Opened 5 months ago
Last modified 8 weeks ago
#62483 reviewing enhancement
maybe_serialize() does support double serialization, but does not inform the developer if doing so
Reported by: |
|
Owned by: |
|
---|---|---|---|
Milestone: | 6.9 | Priority: | normal |
Severity: | normal | Version: | 3.6.1 |
Component: | General | Keywords: | has-patch |
Focuses: | Cc: |
Description
In #12930 the support of double serialization was added, in order not to break instances where developers used maybe_serialize()
wrong, I recently stumbled upon a case from 2023 where this also happened.
I suggest adding a _doing_it_wrong()
if serialized code was sent to maybe_serialize
in order to make less experienced developers aware of this.
Patch coming
Change History (18)
This ticket was mentioned in PR #7847 on WordPress/wordpress-develop by @apermo.
5 months ago
#1
- Keywords has-patch added
#2
@
3 months ago
- Milestone changed from Awaiting Review to 6.8
- Owner set to audrasjb
- Status changed from new to reviewing
Thanks for the PR, looks good to me at a glance.
I restarted the github actions to ensure phpunit tests are passing.
Moving to 6.8.
@audrasjb commented on PR #7847:
3 months ago
#3
@apermo PHP Unit Tests are failing, this changeset will require some test case update.
3 months ago
#4
@audrasjb I'll try to figure out how to fix them. In case I need help I'll reach out.

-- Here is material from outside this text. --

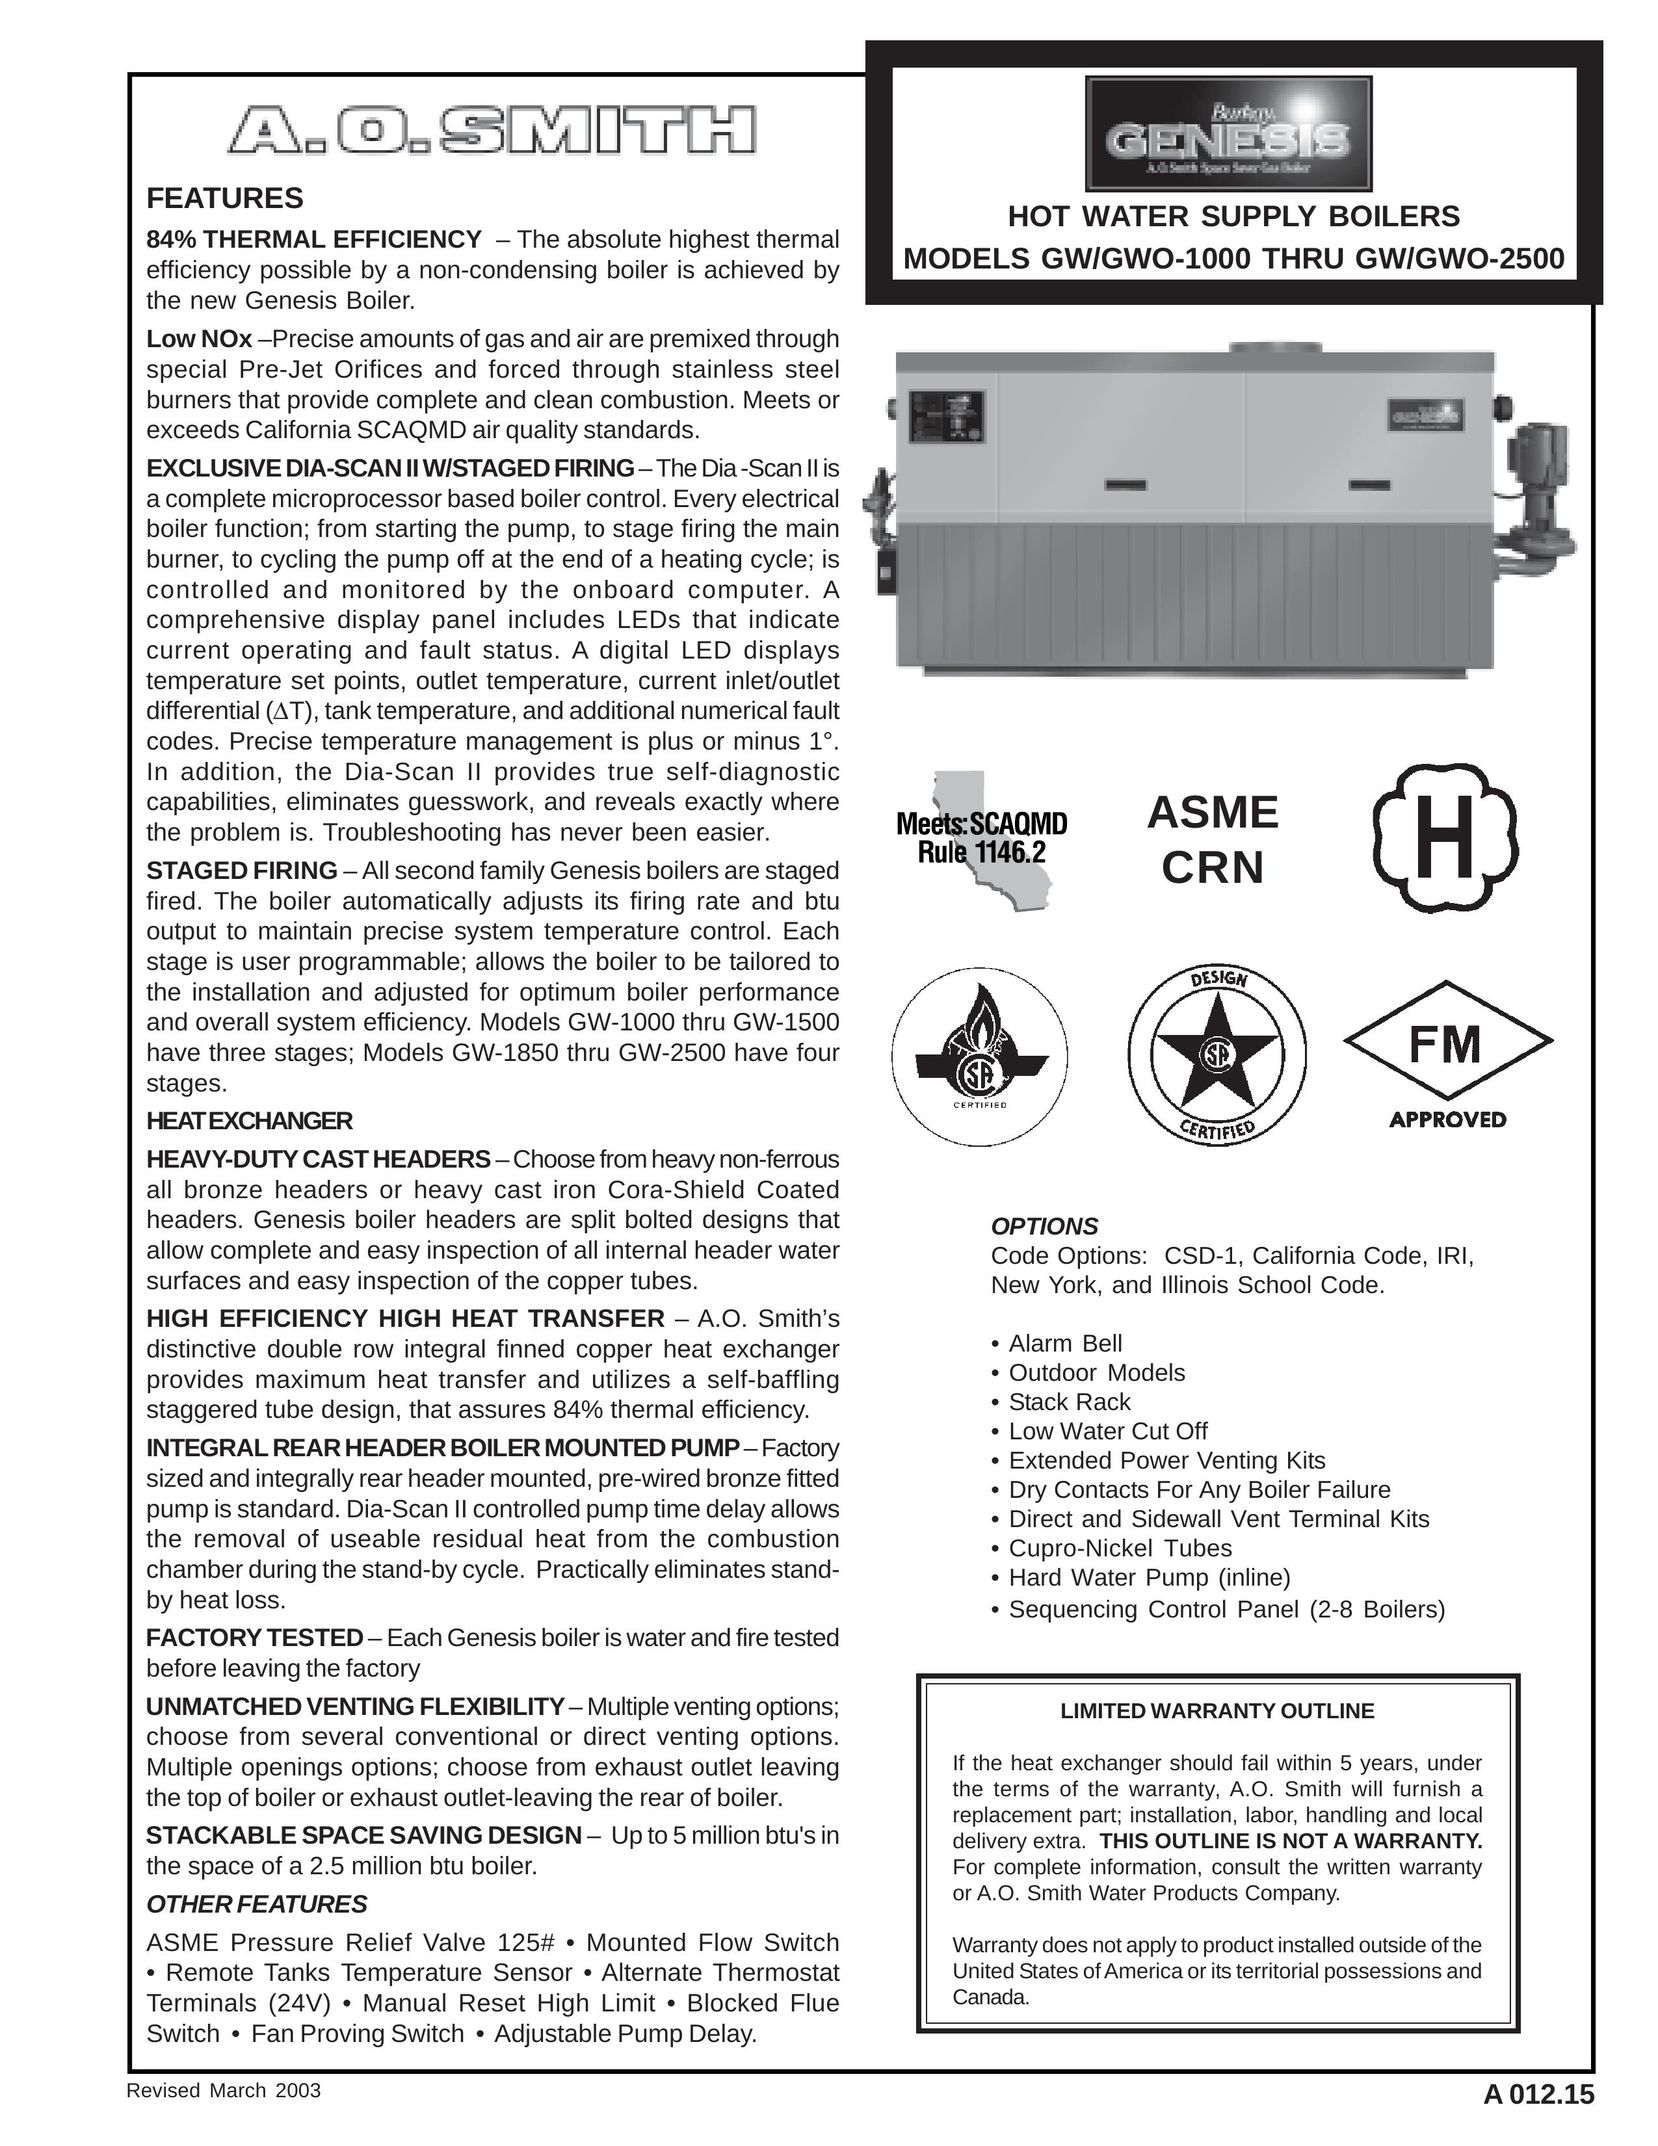 A.O. Smith GW/GWO-1000 Boiler User Manual

This ticket was mentioned in Slack in #core by audrasjb. View the logs.
2 months ago
#6
@
2 months ago
- Summary changed from maybe_serialize() does support double serialization, but does not the developer if doing so to maybe_serialize() does support double serialization, but does not inform the developer if doing so
2 months ago
#7
@audrasjb That recent push should fix all but one test error, and I'm unsure how to handle that one.
That is thrown in tests/phpunit/tests/privacy/wpPrivacyGeneratePersonalDataExportFile.php
test_doing_it_wrong_for_export_data_grouped_invalid_type()
The Data provider will return value that will trigger the double serialization.
https://github.com/WordPress/wordpress-develop/blob/12eaef1dd97ce46d7e665c69764cdae7387b03cc/tests/phpunit/tests/privacy/wpPrivacyGeneratePersonalDataExportFile.php#L237
My best guess would be to remove that single line, that did fix the remaining error locally.
It was added by @SergeyBiryukov in https://core.trac.wordpress.org/changeset/50613
Happy to discuss this, maybe Sergey can provide an idea.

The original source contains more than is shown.